François Lieutaud (1665-1748), est un ébéniste originaire de Marseille et reçu maître à Paris à la fin du XVIIe siècle. ?Il est le père de Charles LIieutaud, lui-même ébéniste et le grand-père de Balthazar Lieutaud ébéniste également qui sera surtout connu pour la fabrication de caisses d’horlogerie. Installé à Paris, rue Traversière puis rue Saint Nicolas, il exécute avec le célèbre André Charles Boulle, quelques-uns des plus beaux meubles de Versailles. Les actes d’un procès de l’époque indiquent, qu’à titre exceptionnel le Roi Louis XIV lui avait accordé le rare privilège de pouvoir créer et fabriquer les bronzes de ses meubles, car à cette époque là, seule la corporation des bronziers avait cette exclusivité.

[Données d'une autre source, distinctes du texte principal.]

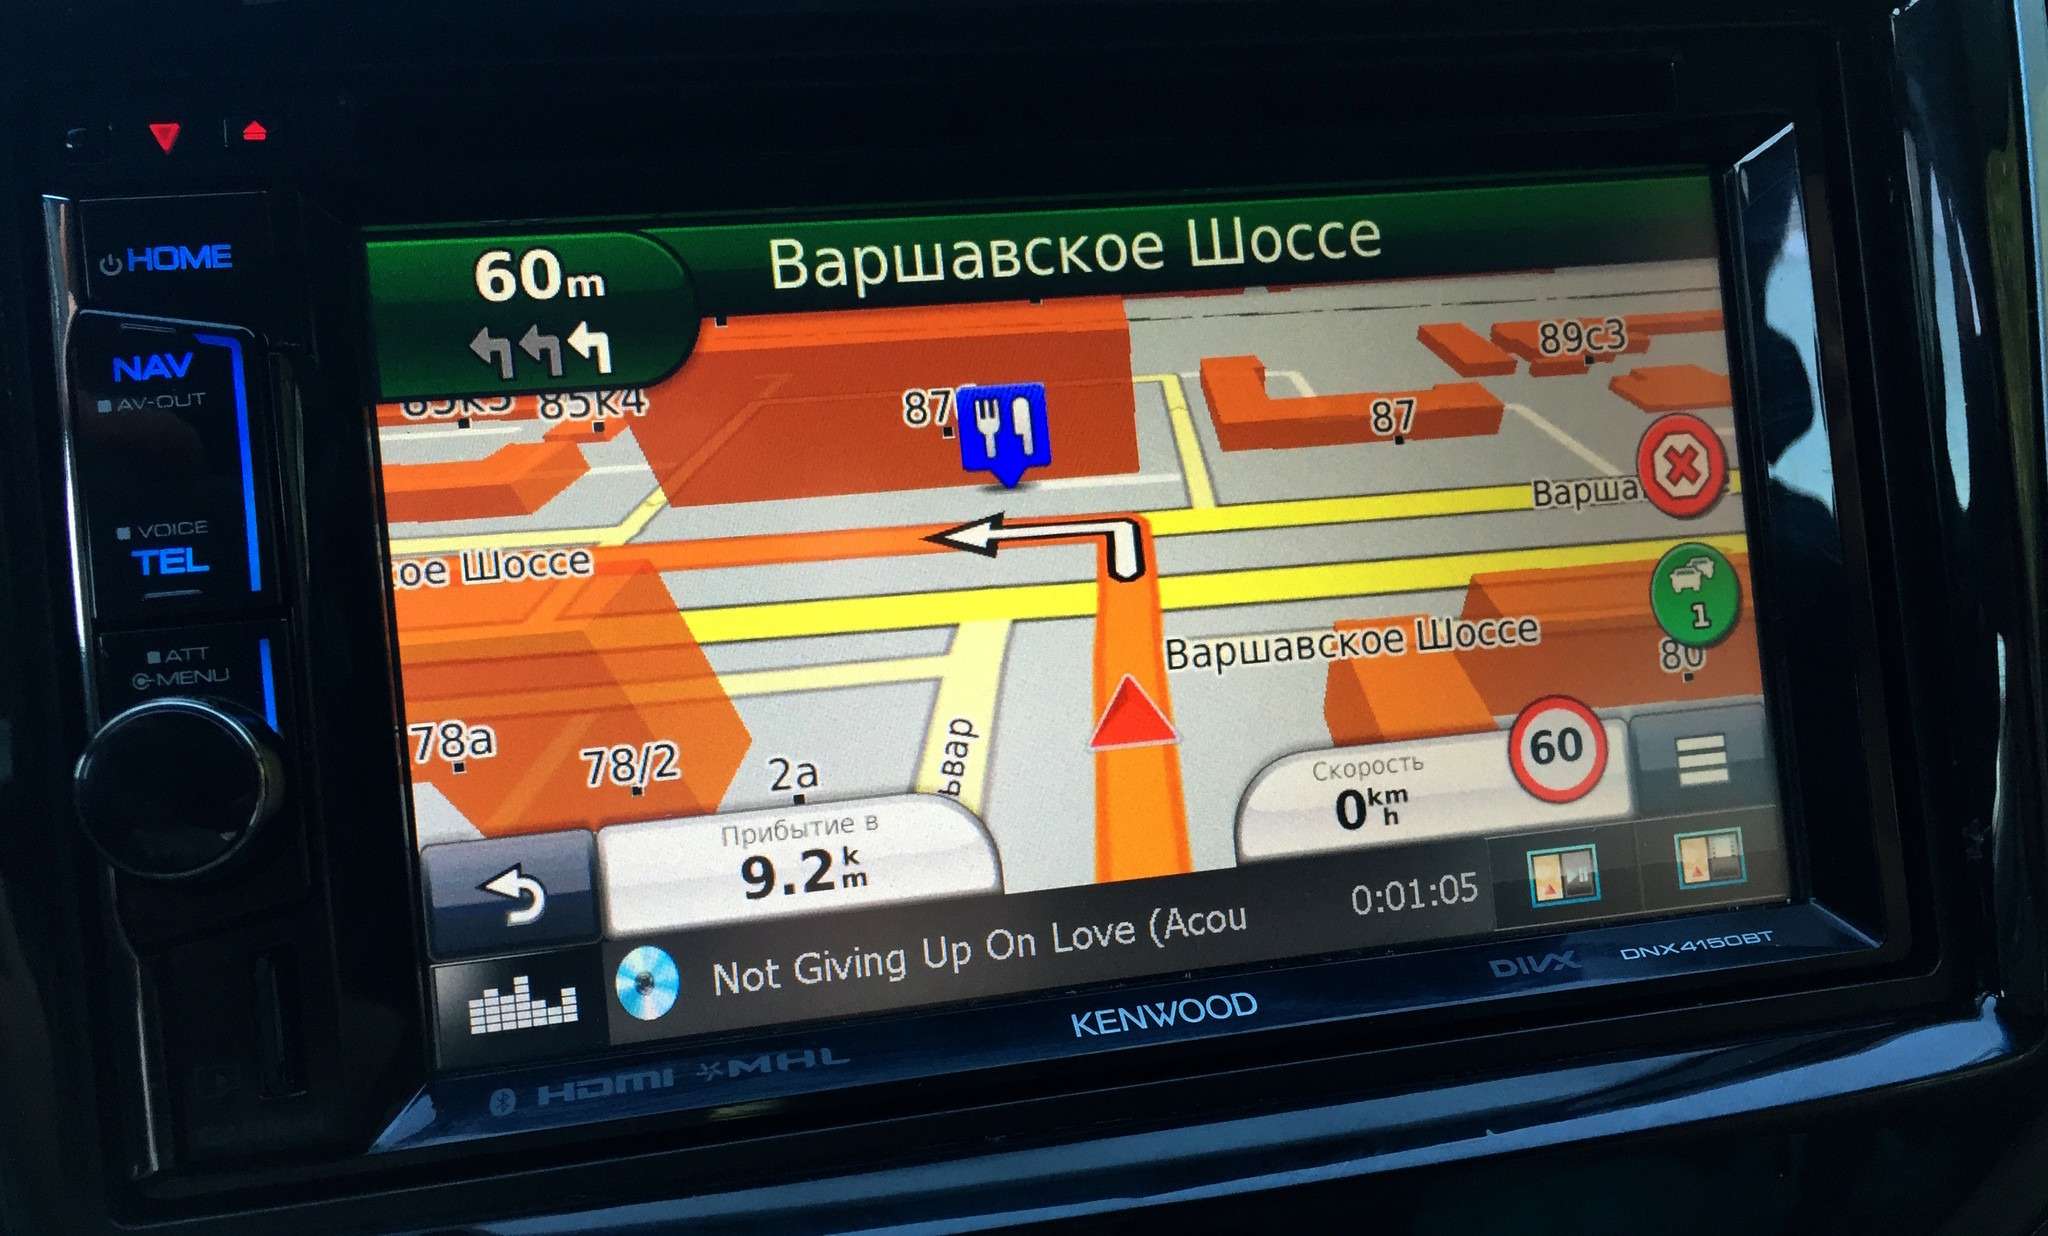 Справа во время навигации отображается загруженность дорог в городе по балльной системе «Яндекса»

Une partie de sa production est en marqueterie dite « Boulle » avec des incrustations de filets métalliques (laiton, étain) sur des fonds d’ébène, d’écaille de tortue ou d’amarante, une autre est en placage monochrome de bois exotique. Ses meubles sont parés d’une riche et originale ornementation de bronze ou l’imaginaire Boullesque prend le dessus.Les faunes, les masques de femmes, les déesses et les bacchus qu’il sculpte et fond lui même ornent sa production qui se compose de commodes, de bureaux, de tables et de cartels.Une partie est commercialisée par le marchand mercier Nöel Gérard qui exerce sous l’enseigne « au cabinet d'Allemagne » avant de reprendre le « magasin général » qui sera l’épicentre du luxe à Paris.Lieutaud travaillera quasiment jusqu'à la fin de sa vie puisqu’il livre au garde meuble une commode pour l’usage de la marquise de Pompadour au château de Bellevue dans les années 1740-1750.